The day came, and disaster struck immediately. The sentry at the main gate turned out the guard at the approach of the General’s car, and dropped his rifle in presenting arms. That was fairly trivial, but the General commented on it as he stepped out to be welcomed by the Colonel, and that put everyone’s nerves on edge; matters were not improved by the obvious fact that he was pleased to have found a fault so early, and was intent on finding more.
He didn’t have far to look. He was a big, beefy man, turned out in a yellowing balmoral and an ancient, but beautifully cut kilt, and his aide was seven feet of sideways invisibility in one of the Guards regiments. The General announced that he would begin with the men’s canteen (“men’s welfare comes first with me; should come first with every officer”), and in the panic that ensued on this unexpected move the canteen staff upset a swill-tub in the middle of the floor five seconds before he arrived; it had been a fine swill-tub, specially prepared to show that we had such things, and he shouldn’t have seen it until it had been placed at a proper distance from the premises.
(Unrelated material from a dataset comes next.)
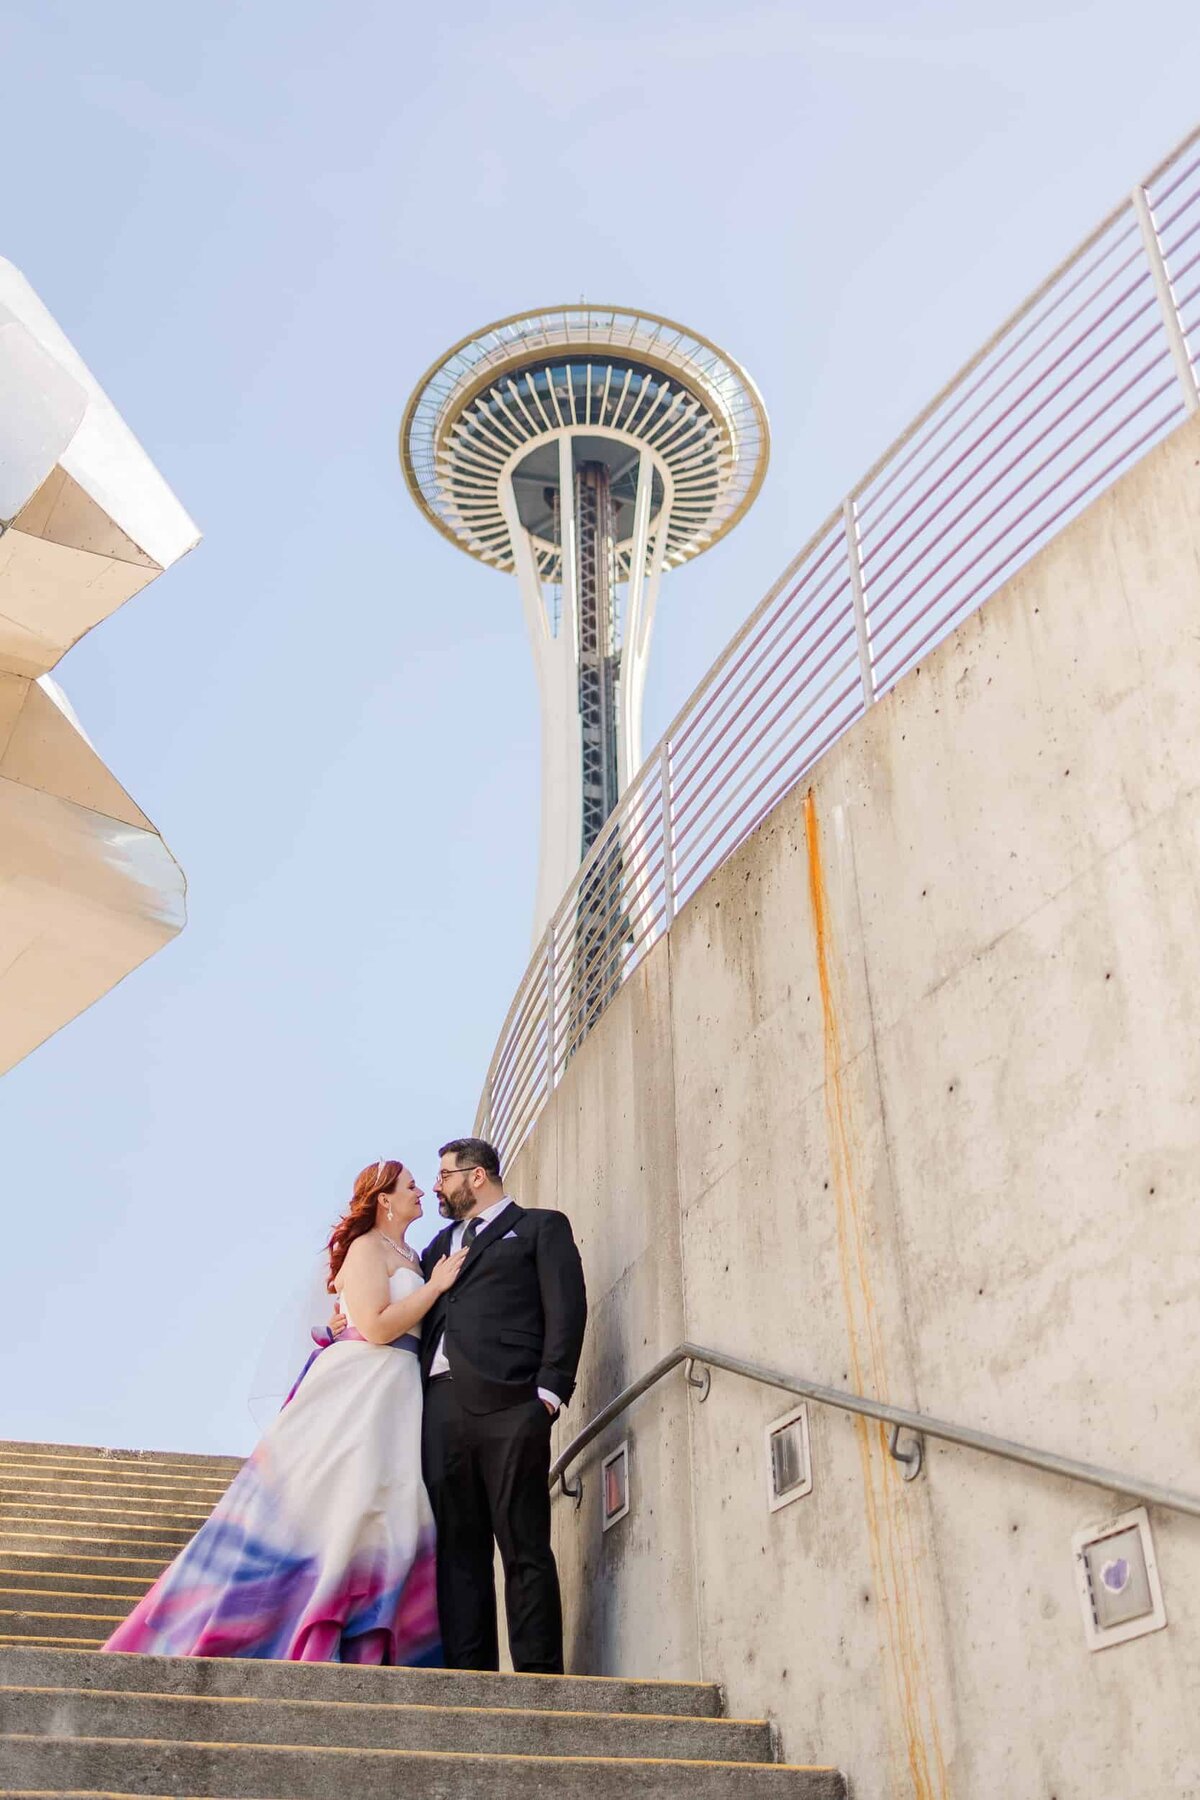 Couple in warm embrace, with bride, wearing non-traditional wedding dress with many colors, in front of Seattle's space needle

The General looked at the mess, said “Mmh,” and asked to see the medical room (“always assuming it isn’t rife with bubonic plague”); it wasn’t, as it happened, but the M.O.’s terrier had chosen that morning to give birth to puppies, beating the Adjutant to it by a short head. Thereafter a fire broke out in the cookhouse, a bren-gun carrier broke down, an empty cigarette packet was found in “B” company’s garden, and Private McAuslan came back off leave. He was tastefully dressed in shirt and boots, but no kilt, and entered the main gate in the company of three military policemen who had foolishly rescued him from a canal into which he had fallen. The General noted his progress to the guardroom with interest; McAuslan was alternately singing the Twenty-third Psalm and threatening to write to his Member of Parliament.
So it went on; anything that could go wrong, seemed to go wrong, and by dinner-time that night the General was wearing a sour and satisfied expression, his aide was silently contemptuous, the battalion was boiling with frustration and resentment, and the Colonel was looking old and ill. Only once did he show a flash of spirit, and that was when the junior subaltern passed the port the wrong way again, and the General sighed, and the Colonel caught the subaltern’s eye and said loudly and clearly: “Don’t worry, Ian; it doesn’t matter a damn.”
That finally froze the evening over, so to speak, and when we were all back in the ante-room and the senior major remarked that the pipe-sergeant was all set for the dancing to begin, the Colonel barely nodded, and the General lit a cigar and sat back with the air of one who was only mildly interested to see how big a hash we could make of this too.